Article Preview
TopThe term “linked data” was proposed in the area of the Semantic Web (W3C, 2018; Wikipedia, 2018). Linking is a process of extraction, setting and shared usage of links between elements of data, information, and knowledge (linkeddata.org, 2018). In government reports data linking is considered as a process of setting links between elements from different sources. Links are a set based on some common properties of these sources (Data.gov.au, 2018).
There are a lot of definitions of linked data. The main idea of linking is to set relations (or links) between different information elements. These relations define interdependencies between elements and enrich the original data.
Contemporary methods for data linking are mostly based on models and methods of intelligent data analyses and machine learning. They enable investigation of indirect links, restoration of some kind of unobvious interdependencies including those that can be found in large datasets or in a high dimensional data.
The following groups of intelligent data analyses methods can be used for data linking: clustering; classification and forecasting; template matching, etc. (Graesser, 2018; Hastie et al., 2009; Nikolenko & Tulup’ev, 2009; Pospelov, 1990; Russell & Norvig, 2009; Witten & Frank, 2005; Zaki & Meira, 2014).
There are two types of analyses used for dependency discovering: associative and sequential. Associative analysis methods enable discovering logical dependencies between information elements. Sequential analysis methods are used to process sequences of events.
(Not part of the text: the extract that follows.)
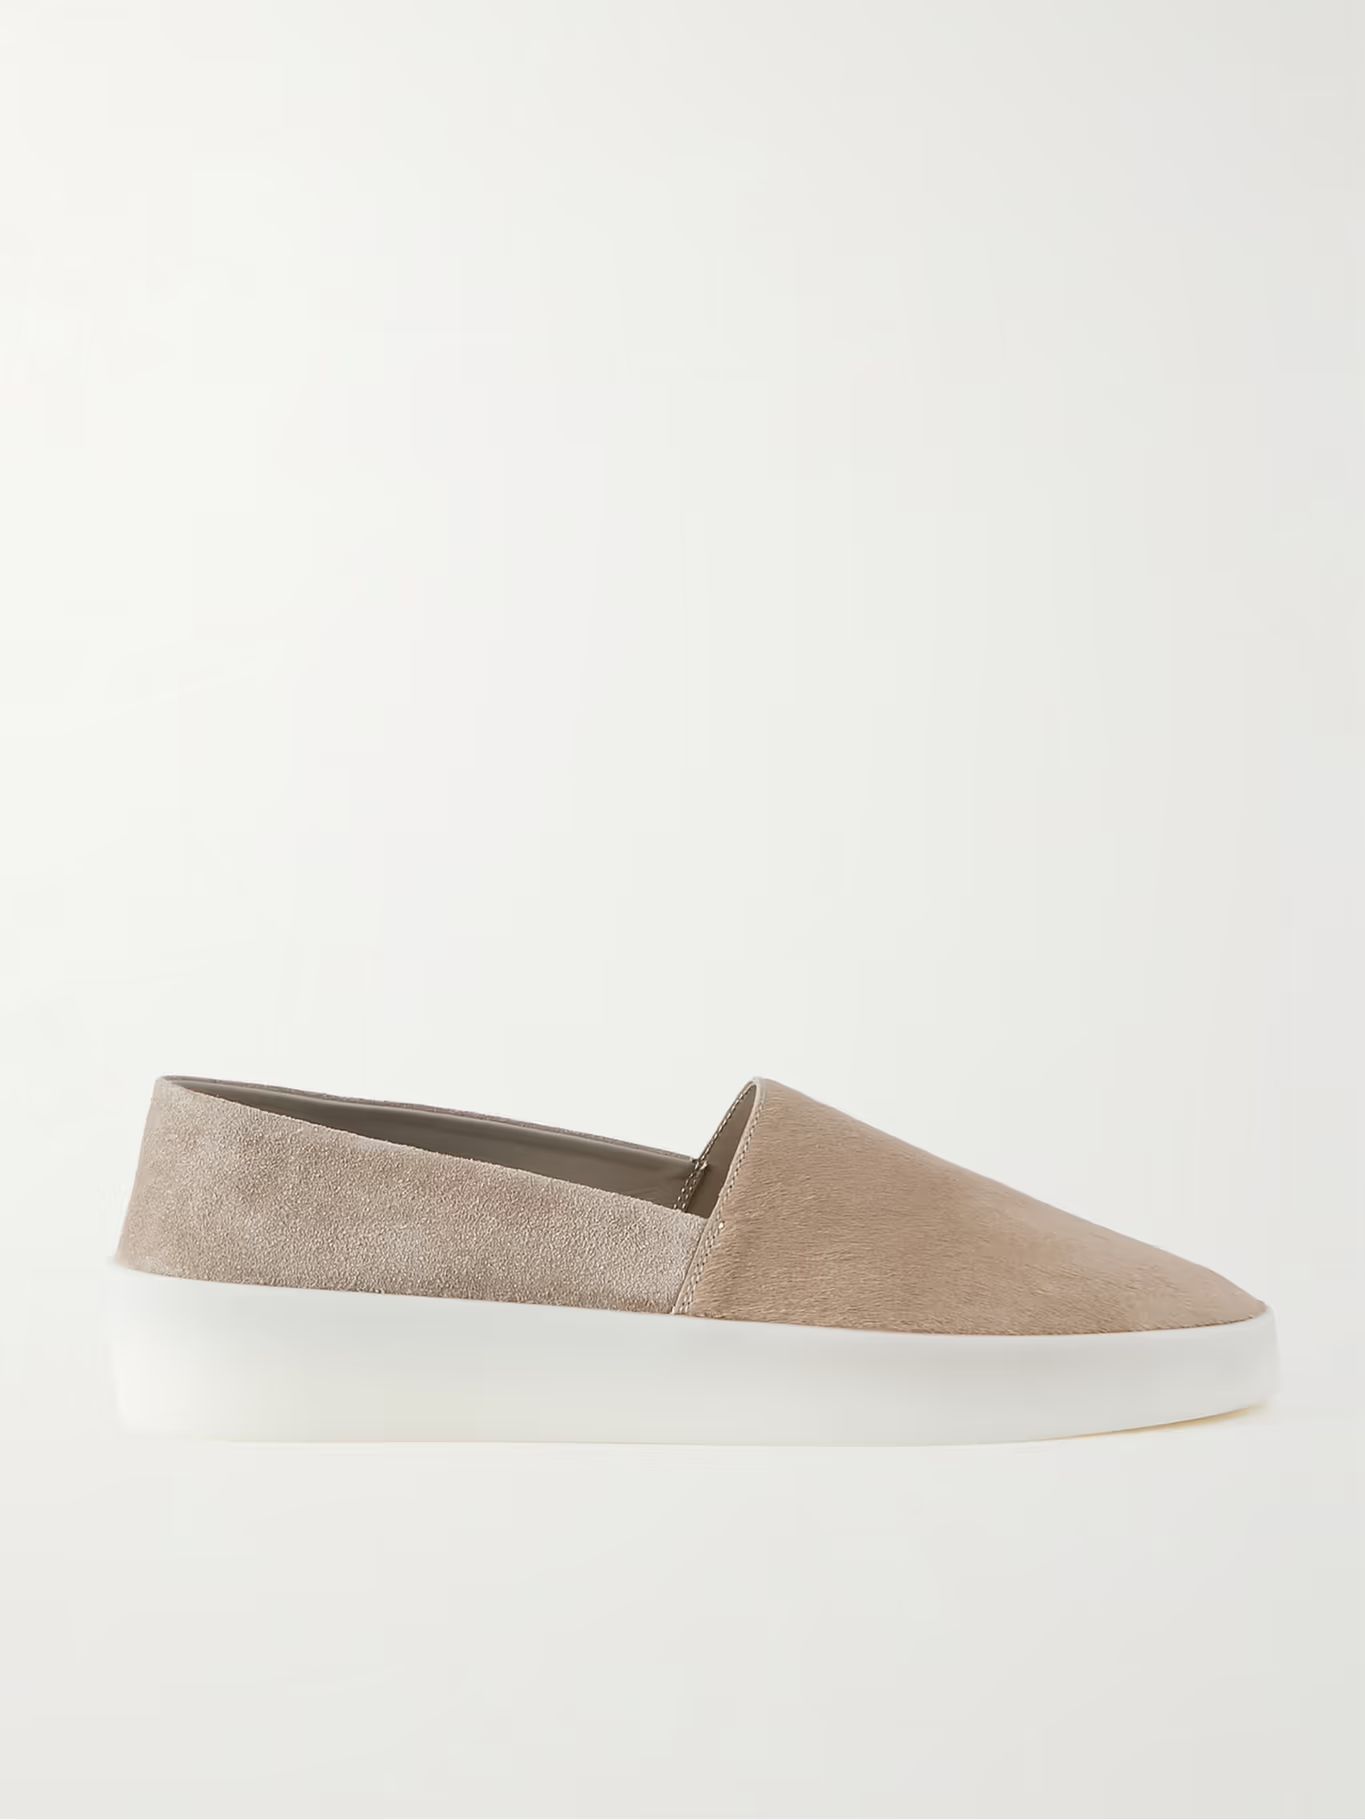 Pony Hair and Suede Espadrilles | Mr Porter (US & CA)

The majority of classical dependency discovering methods is based on brute force search. The complexity of algorithms implementing these methods is decreased with the help of optimization. Classification and evaluation of associative algorithms can be found in (Tushkanova & Gorodeckij, 2015a, 2015b). Some of these algorithms are described in (Zaki & Meira, 2014). In the last few years, a number of new effective associative models have been created, e.g. an associative Bayesian network (Gorodeckij & Samojlov, 2009).